> [SOURCE DATA]
=== Section Start ===
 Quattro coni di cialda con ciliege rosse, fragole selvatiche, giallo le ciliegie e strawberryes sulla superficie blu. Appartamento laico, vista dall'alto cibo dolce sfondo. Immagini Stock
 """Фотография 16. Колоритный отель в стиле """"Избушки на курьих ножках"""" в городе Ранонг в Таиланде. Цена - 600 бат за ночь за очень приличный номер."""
=== Section End ===
=== Section Start ===
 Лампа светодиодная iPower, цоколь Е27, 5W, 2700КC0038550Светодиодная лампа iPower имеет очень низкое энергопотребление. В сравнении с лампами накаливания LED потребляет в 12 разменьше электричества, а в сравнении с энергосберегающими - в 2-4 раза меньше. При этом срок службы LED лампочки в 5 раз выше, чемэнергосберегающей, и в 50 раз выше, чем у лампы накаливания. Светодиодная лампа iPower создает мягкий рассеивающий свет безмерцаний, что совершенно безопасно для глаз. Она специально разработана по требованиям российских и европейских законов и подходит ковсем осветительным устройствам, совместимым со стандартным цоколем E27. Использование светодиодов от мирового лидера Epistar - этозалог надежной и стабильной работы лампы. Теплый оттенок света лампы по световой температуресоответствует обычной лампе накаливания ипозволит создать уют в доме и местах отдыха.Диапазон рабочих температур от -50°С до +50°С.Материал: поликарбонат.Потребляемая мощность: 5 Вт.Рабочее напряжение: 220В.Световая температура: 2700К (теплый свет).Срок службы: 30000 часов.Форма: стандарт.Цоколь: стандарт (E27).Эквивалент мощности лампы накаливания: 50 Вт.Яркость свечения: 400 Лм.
=== Section End ===
=== Section Start ===
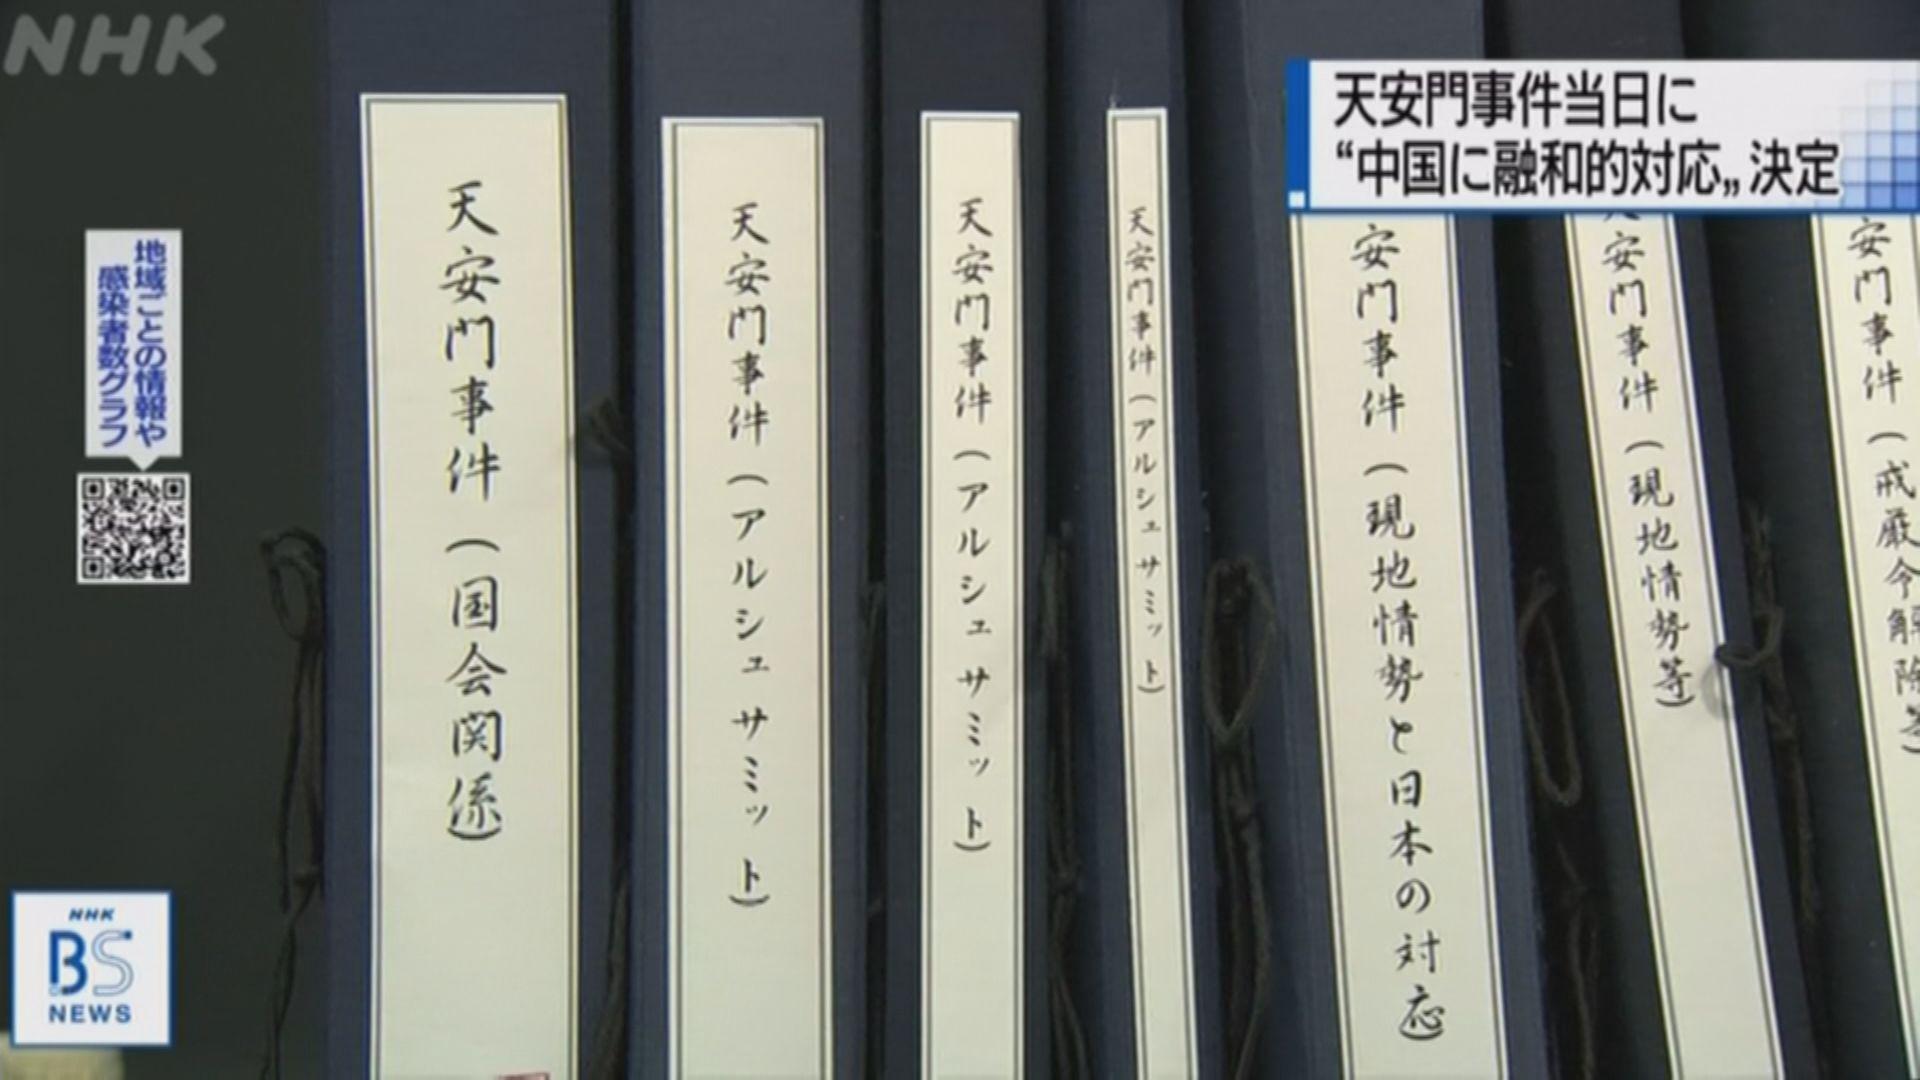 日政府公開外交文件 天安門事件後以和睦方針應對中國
=== Section End ===
> [AIM OF THE EXERCISE]
The exact lines of the material above starting at the one that contains "Quattro coni di" and ending at the one that contains "16. Колоритный отель" are what to retype; leave out everything else.

> [EXERCISE OUTPUT]
 Quattro coni di cialda con ciliege rosse, fragole selvatiche, giallo le ciliegie e strawberryes sulla superficie blu. Appartamento laico, vista dall'alto cibo dolce sfondo. Immagini Stock
 """Фотография 16. Колоритный отель в стиле """"Избушки на курьих ножках"""" в городе Ранонг в Таиланде. Цена - 600 бат за ночь за очень приличный номер."""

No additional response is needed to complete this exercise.